Proteins (continued)

The telephone cord may well illustrate the idea of ​​protein structures.

Form and function: an inseparable binomial

You will soon understand how the spatial structure of a protein is related to its biological function. For the time being, remember that the maintenance of secondary and tertiary structures is due to the bonds that occur between amino acids within the protein molecule, determining the different spatial aspects observed.

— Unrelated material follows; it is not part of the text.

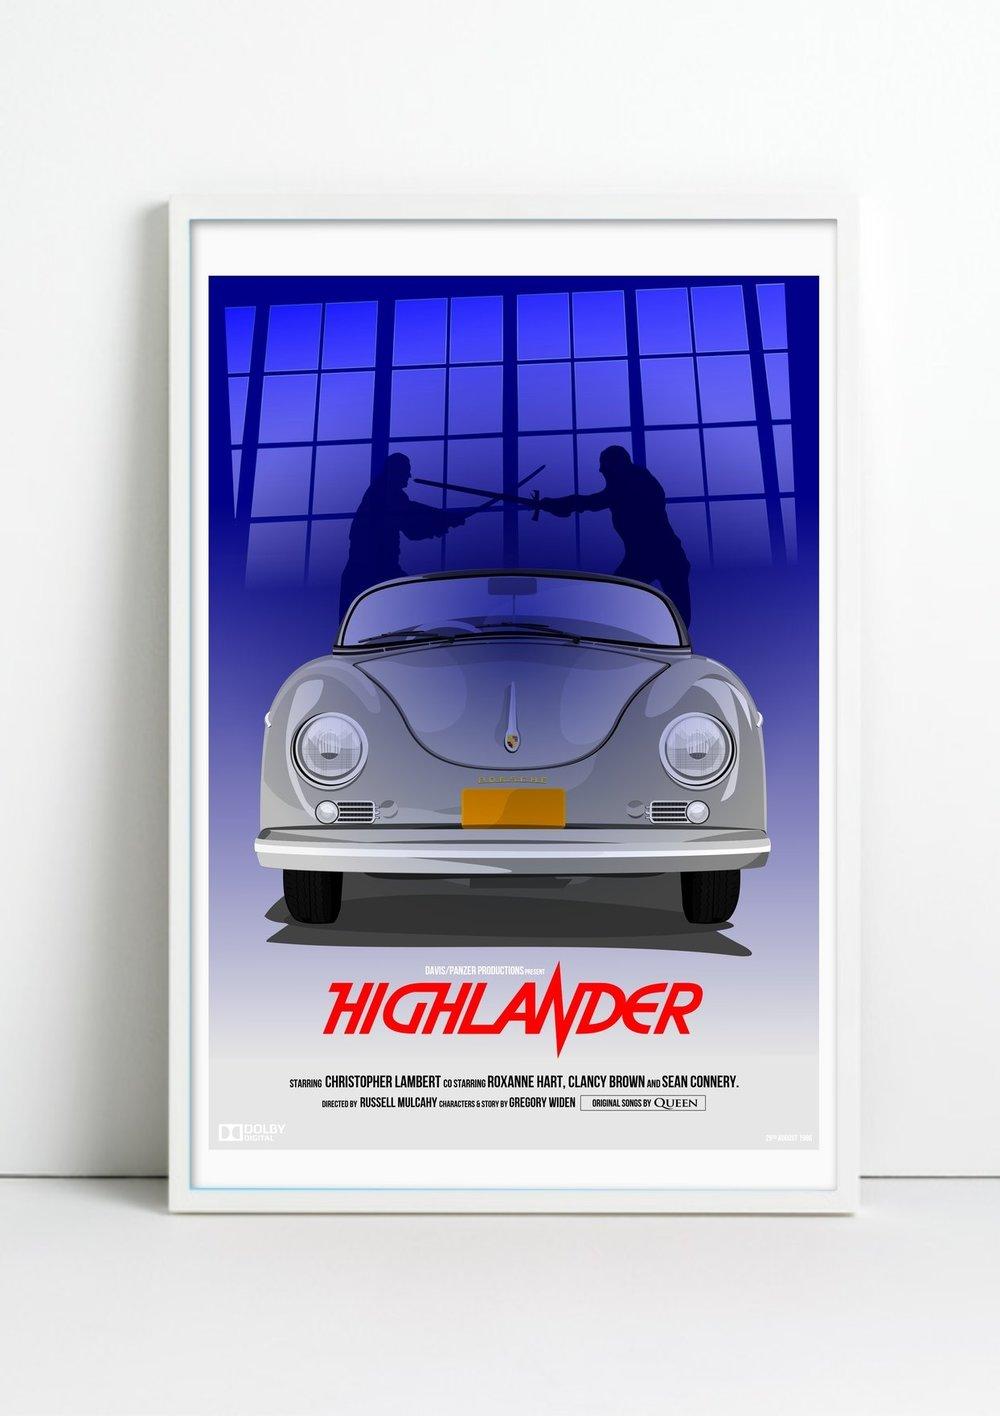 Highlander Frame.jpg

O heating a protein to certain temperatures promotes the breakdown of internal bonds between amino acids, responsible for the maintenance of secondary and tertiary structures. Amino acids do not separate, they break peptide bonds, but the protein is "dismantled", loses its original structure. We say that a protein denaturation occurred, with loss of its original form. In this way the biological function of the protein is impaired.

However, it is not always the temperature or the change in the acidity of the medium that causes the shape of the protein to change. Oftentimes, substitution of a single amino acid can change the shape of the protein.

An important example is the substitution of hemoglobin, of the amino acid glutamic acid by the amino acid valine. This simple change causes a profound change in the shape of the entire hemoglobin molecule, directly interfering with its ability to carry oxygen.

Red blood cells containing altered hemoglobin acquire the shape of a sickle when subjected to certain conditions, which gave the name to this anomaly: sickle cell anemia.